There’s a lot of talk about there about “economic stimulus” and “infrastructure”, but what is “infrastructure”? Traditionally, it’s the basic physical and social structure needed for a society to operate. Roads, sewers, utilities, schools—these are the “guts” of our nation. Without these things, and the pooling of resources they require, we are nothing more than an anarchic collective coexisting on a shared continent. Much of what is defined as infrastructure is about the basics of life—food and its distribution, public health, safety. How is health care not a part of that?
When we talk of investing in infrastructure, we cannot leave out health care. There are basic changes that need to be made to insure the continuation and improvement of a civilized nation.

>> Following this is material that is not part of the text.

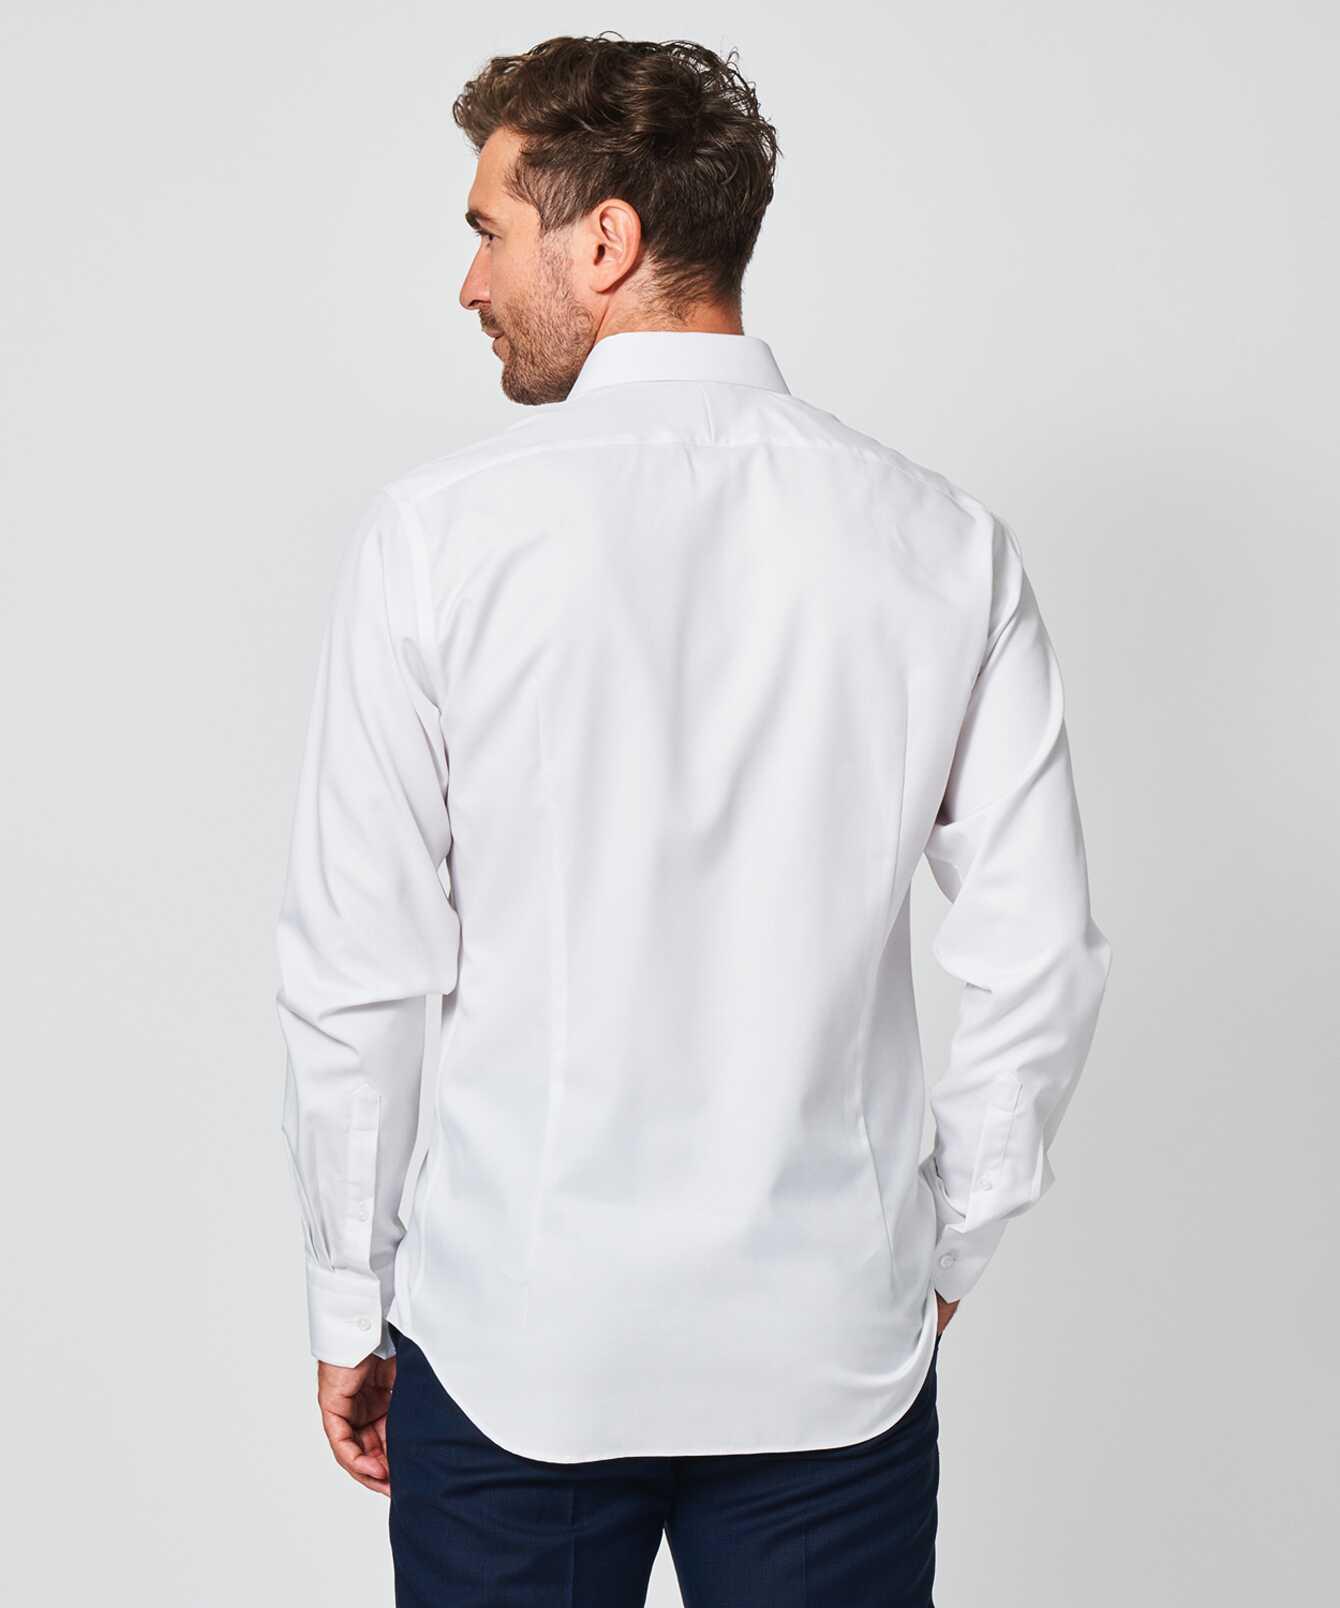 Skjorta Hugo Lättstruken The Shirt Factory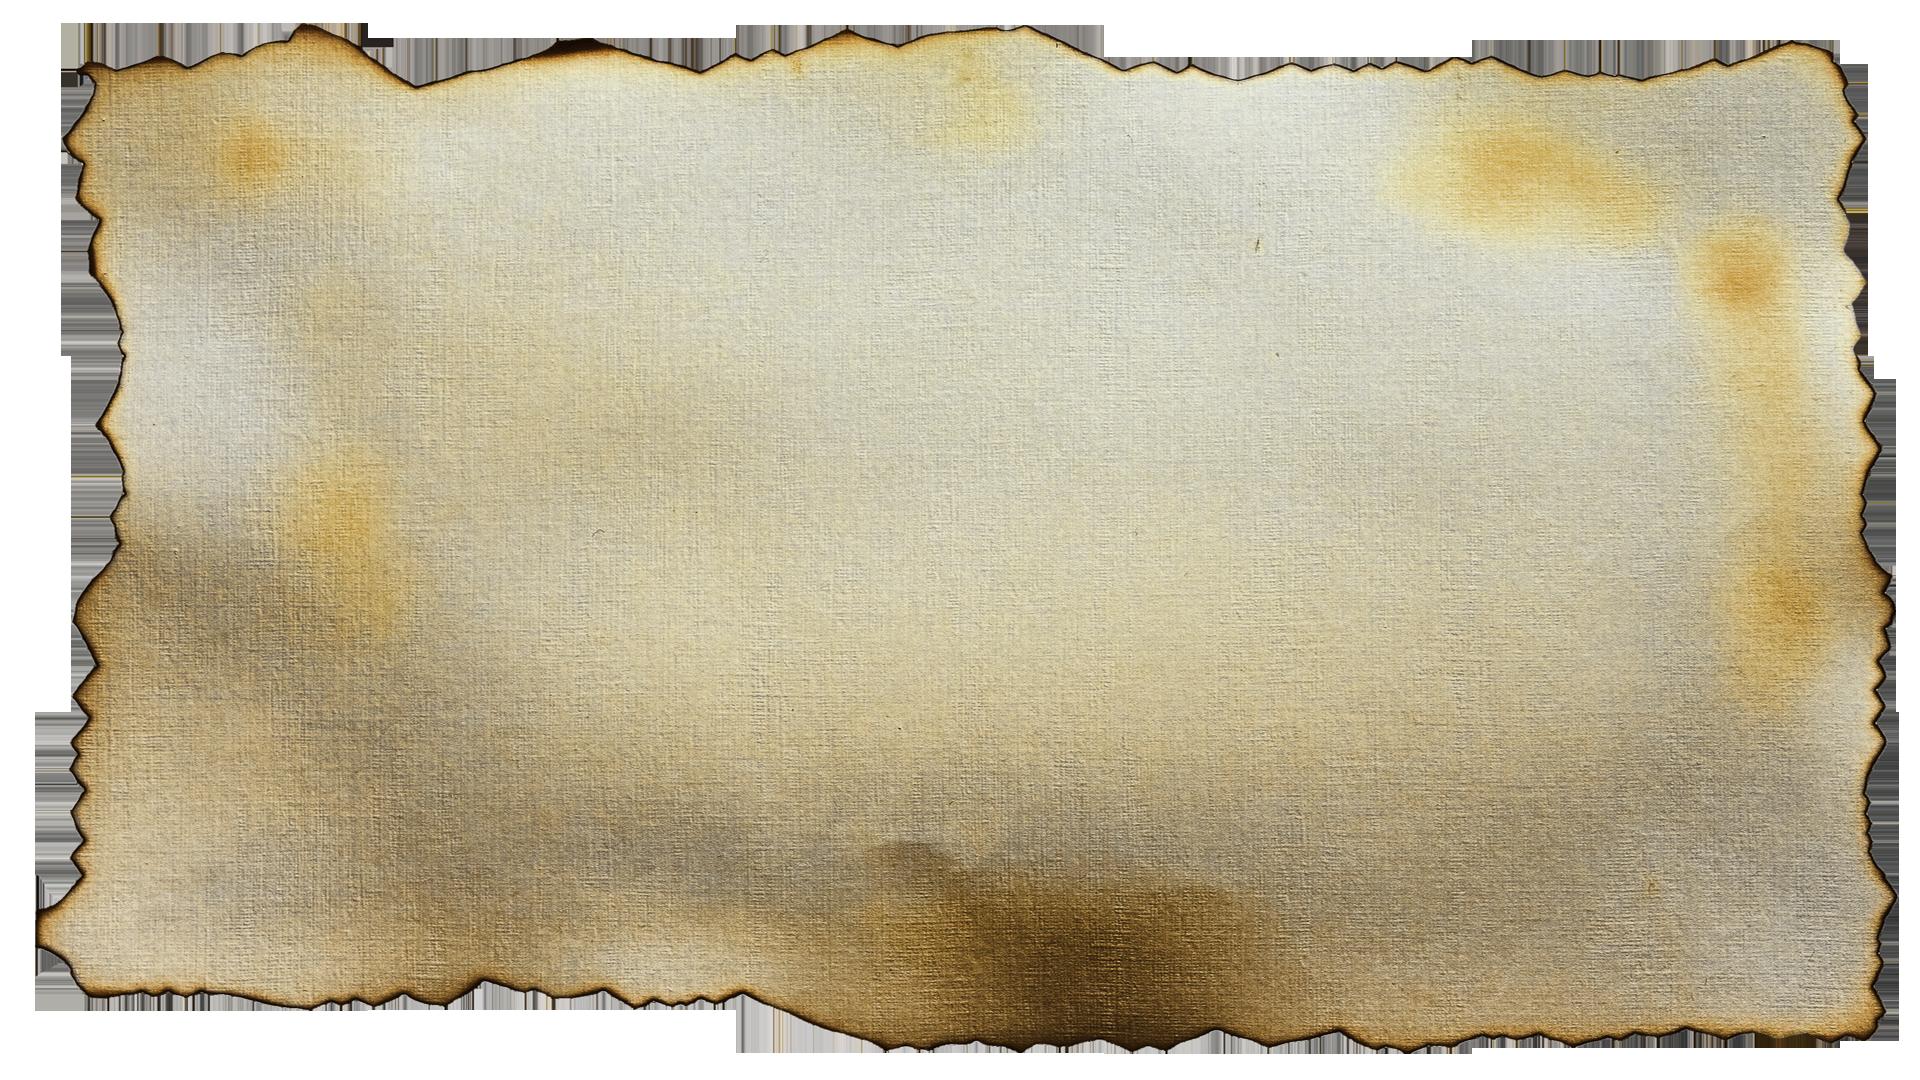 Newspaper clipart vintage newspaper. Burnt paper png transparent

By whatever means, health care must be available to everyone physically living within our borders. Anything other than universal access is nonsensical. We currently “cover” the uninsured, but in expensive and irrational ways—by forcing them to only seek catastrophic care, burdening us all. Any rational nation must provide basic preventative care (not that we can make everyone use it). This care must be based on the best standards of evidence, and allow patients and providers sufficient freedom to interact, but with some less chaotic form of rationing—one that is explicit and ethical, rather than implicit and punitive.
We know a great deal about what does and does not work in medicine. We are also learning that a fractured and fractious health care system does not operate safely. We must make it easier for physicians to practice safely and rationally. This may mean having universal standards for compatibility for electronic health records, so that a patient’s health information is portable. If I receive a transfer from another hospital or doctor, I shouldn’t have to wait days to receive poor-quality photocopies of records. This leads to medical errors and duplicated efforts.
It also means giving physicians easy access to tools such as performance standards, without punishing them for their patients’ failures. I would love to have easy and portable tools for monitoring the progress of my hypertensives and diabetics, and to be able to see how I measure up against evidence-based goals. This has to be done in such a way that I am not punished when a patient doesn’t follow my advice. It also has to allow me to track information in a way that is compatible with my practice. Currently, I report diabetic data to two separate entities, on two separate forms, both of which are crappy. It’s possible to engineer out “crappy”.
Rational supply of providers
Right now, 2% of American medical grads chose primary care specialties. There are many reasons for this, among them crushing medical school debt and relatively poor reimbursement in primary care. If we want an adequate supply of primary care docs, then we have to supply them, either by changing the market forces by paying them better, or by explicitly recruiting them via strong incentives.
This is just a starting point, but if we are going to pour a trillion dollars into the economy, much of it on “infrastructure”, we would be insane to leave out the biggest ongoing infrastructure cost in the U.S.—our health care system.